When working with LLM-generated code, one truth stands out: you must read every line. If you’re investing time to review code, wouldn’t you prefer it to read like poetry rather than a sprawling novel?

Ruby’s expressiveness—its ability to convey complex logic in fewer lines than most languages, except perhaps some functional programming alternatives—becomes a superpower when every line of generated code demands human scrutiny. Each unchecked line is technical debt, and Ruby minimizes this burden by keeping code concise yet readable.
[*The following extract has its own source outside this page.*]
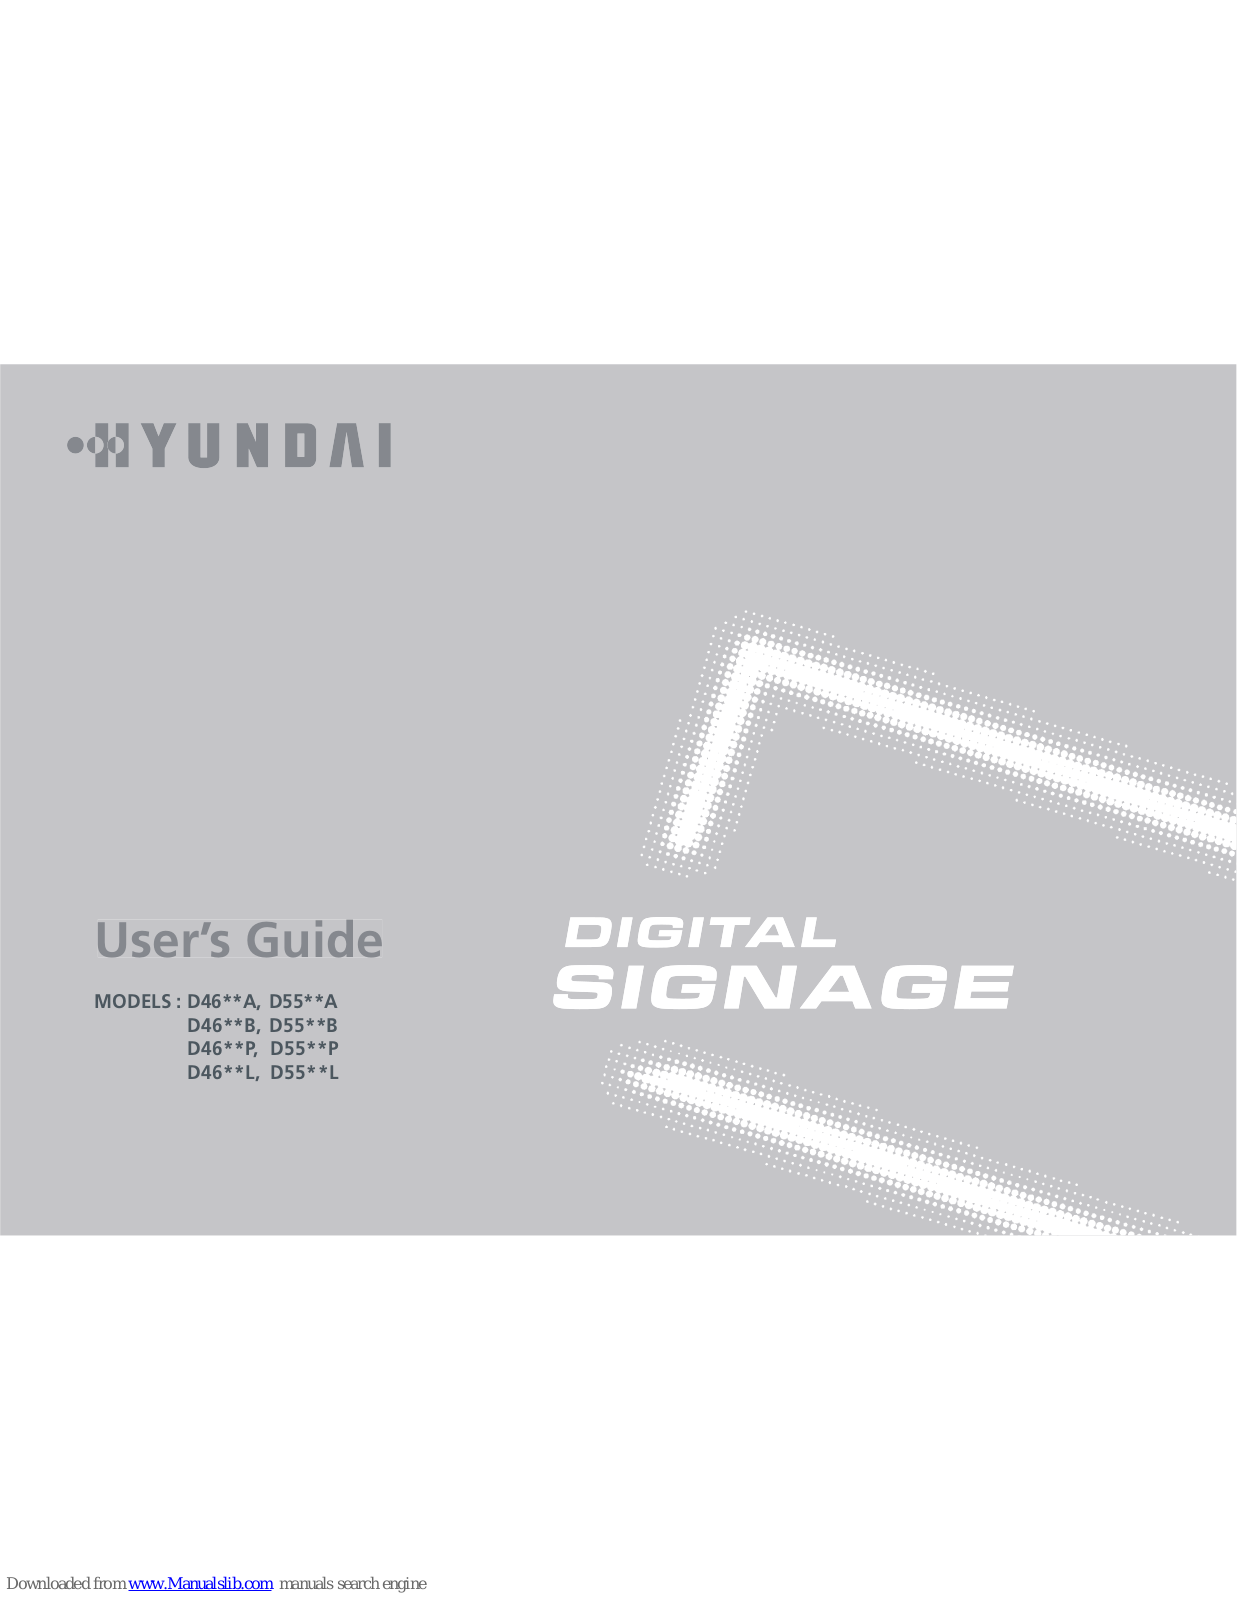 Hyundai D46**A, D46**P, D55**A, D55**P, D46**L User Manual

Consider this example of processing a CSV file, transforming data, and sending notifications. This code requires no compilation and can be evaluated directly in a Ruby REPL (e.g., IRB), making it even more flexible for rapid prototyping:

users = CSV.parse(file, headers: true)
  .select { |u| u['active'] == 'true' }
  .map { |u| User.new(u) }
  .each { |user| user.notify! if user.due_for_reminder? }

In Java, this same logic might balloon to 50+ lines, tangled in BufferedReader boilerplate, try-catch blocks, manual CSV parsing, stream collectors, lambda type declarations, and explicit null checks. Go fares even worse, with verbose error handling cluttering every operation. Ruby’s elegance reduces the cognitive load, letting you focus on the logic rather than the syntax.

The key question isn’t which language has the most libraries or the largest community. It’s: which language maximizes the velocity of understanding for LLM-generated code? As LLMs grow more sophisticated, languages prioritizing human comprehension over machine-centric verbosity are likely to lead the way.